Monday, May 16, 2011

Round is a shape, right?

When you go to college, they call it the freshmen 15. When you go to culinary school, add another ten pounds. And when your father dies while in culinary school, multiply by 2. I'm not sure how much weight I've gained since I started school but it's there and I don't like it. I'm tired all the time and nothing fits but everything tastes better in butter and with a side of potatoes.

I'm not really a bad eater, though. I love vegetables, textures don't bother me and I can read nutrion labels pretty well but between work and school, bad choices are just easier. However, I have been doing some healthier cooking as of late. More vegetables, whole grains versus white flour, less potatoes, a lot less sugar and I've switched from rice to quinoa. I am hopeful that I will be able to lose all this excess weight if I take it easy on the simple carbs and maintain something resembling a workout routine.

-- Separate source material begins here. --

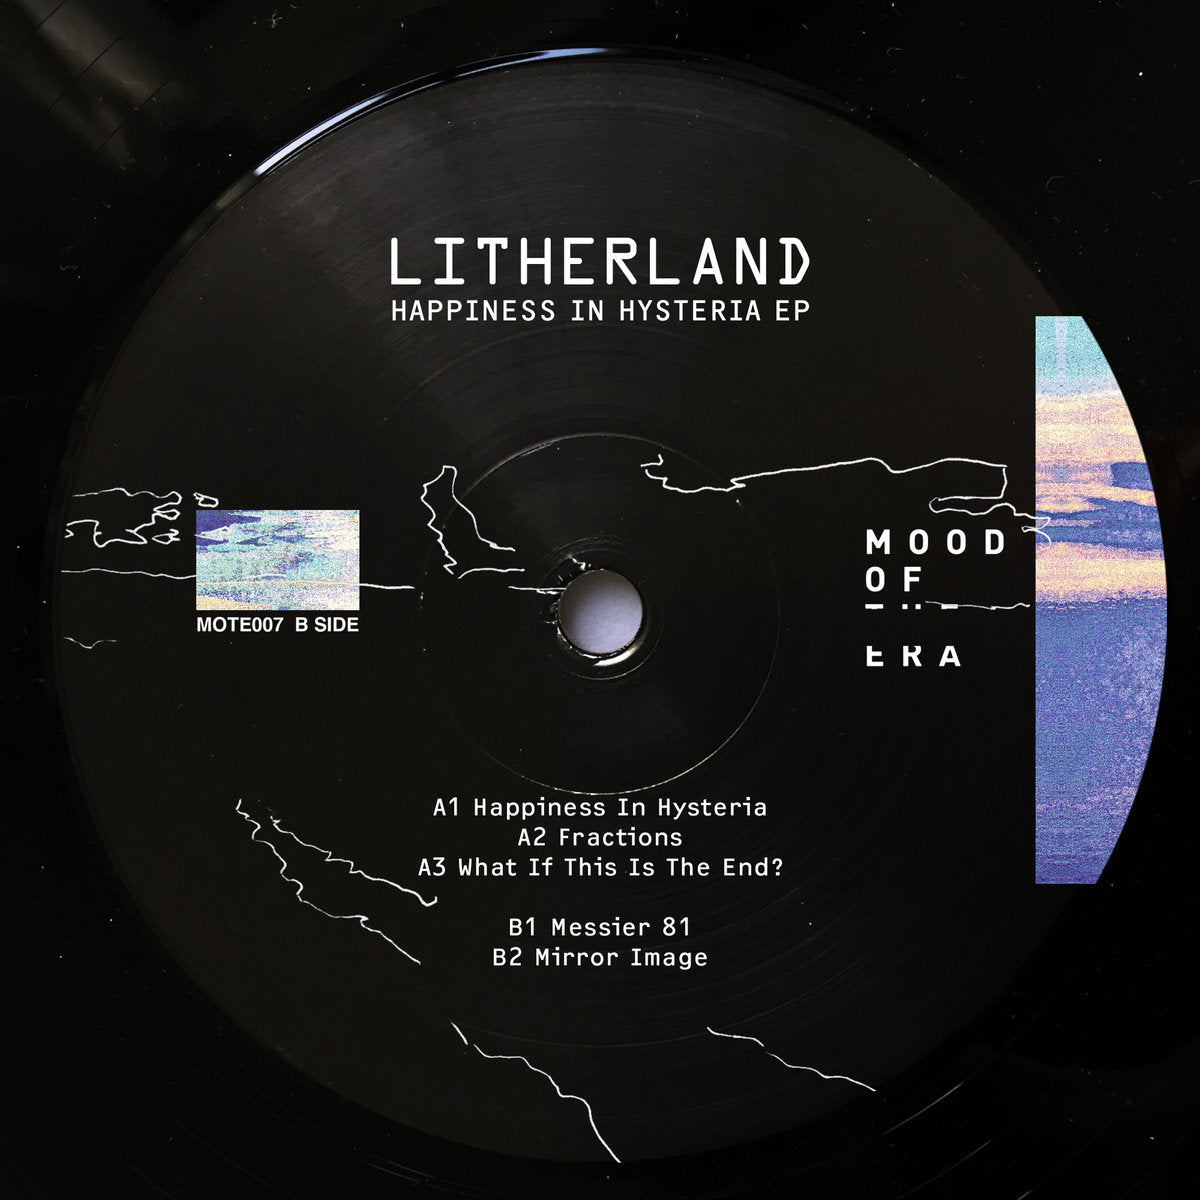 Happiness In Hysteria EP 12" by Litherland

 Grilled chicken breast with a quinoa and vegetable meddly.

chicken breasts
zucchini, thinly sliced
onions, thinly sliced
large garlic clove, minced
1-2 crimin mushroom, thinly sliced
1tbs extra virgin olive oil, canola is fine
about a 1/4 tsp of salt, pepper, paprika, and ground mustard.
1 tbsp mirin (sweet cooking sake)

Cook quinoa according to according to package directions, set aside.
Prepare chicken breasts, dry with paper towels and season with salt and pepper or any other spices you'd like and grill.
 While chicken grills, toss all your ingredients except for mirin in a bowl until well combined. Sautee over medium heat. Add mirin and cover. Allow to cook for 5 minutes. Remove cover and and continue to cook 'till desired done-ness. Gently, combine quinoa with vegetables. Serve and enjoy!

Super easy to prepare and it's become my go to meal 2-3 times out of the week.

Now, for something not so healthy:

Flan!!! I don't think I've met anyone who doesn't like flan. Rich and delicious without being too sweet. My sister has been begging me to make one and finally got around to it. Despite its appearance, it came out perfect with little effort and limited appliances (i used a toaster oven).

3/4 c     sugar
1 tbsp   water
1.5 c     milk
4           eggs
1/2 c     condensed milk
1 tbsp   vanilla extract

 Preheat oven to 325 and prepare a water bath.
To make caramel sauce, combine 1/4 c of sugar and water in a sauce pan and bring to a boil. Watch it closely and when it changes color to a golden amber, remove from heat and pour into pan or ramekins and set aside.
For custard, bring milk to just before a simmer. In a bowl, combine remaining ingridients (eggs, sugar, vanilla, condensed milk). When milk is ready, remove from heat and pour 1/3 into egg mixture while whisking. Once egg mixture has been tempered, add remaining milk. Strain and pour into baking dish. 
Place baking dish in water bath and bake, approximately 30 minutes. Because i used a toaster oven, it took about 45/50 minutes for me at a slightly higher temperature. If it jiggles too much, bake a little longer. Refrigerate until serving.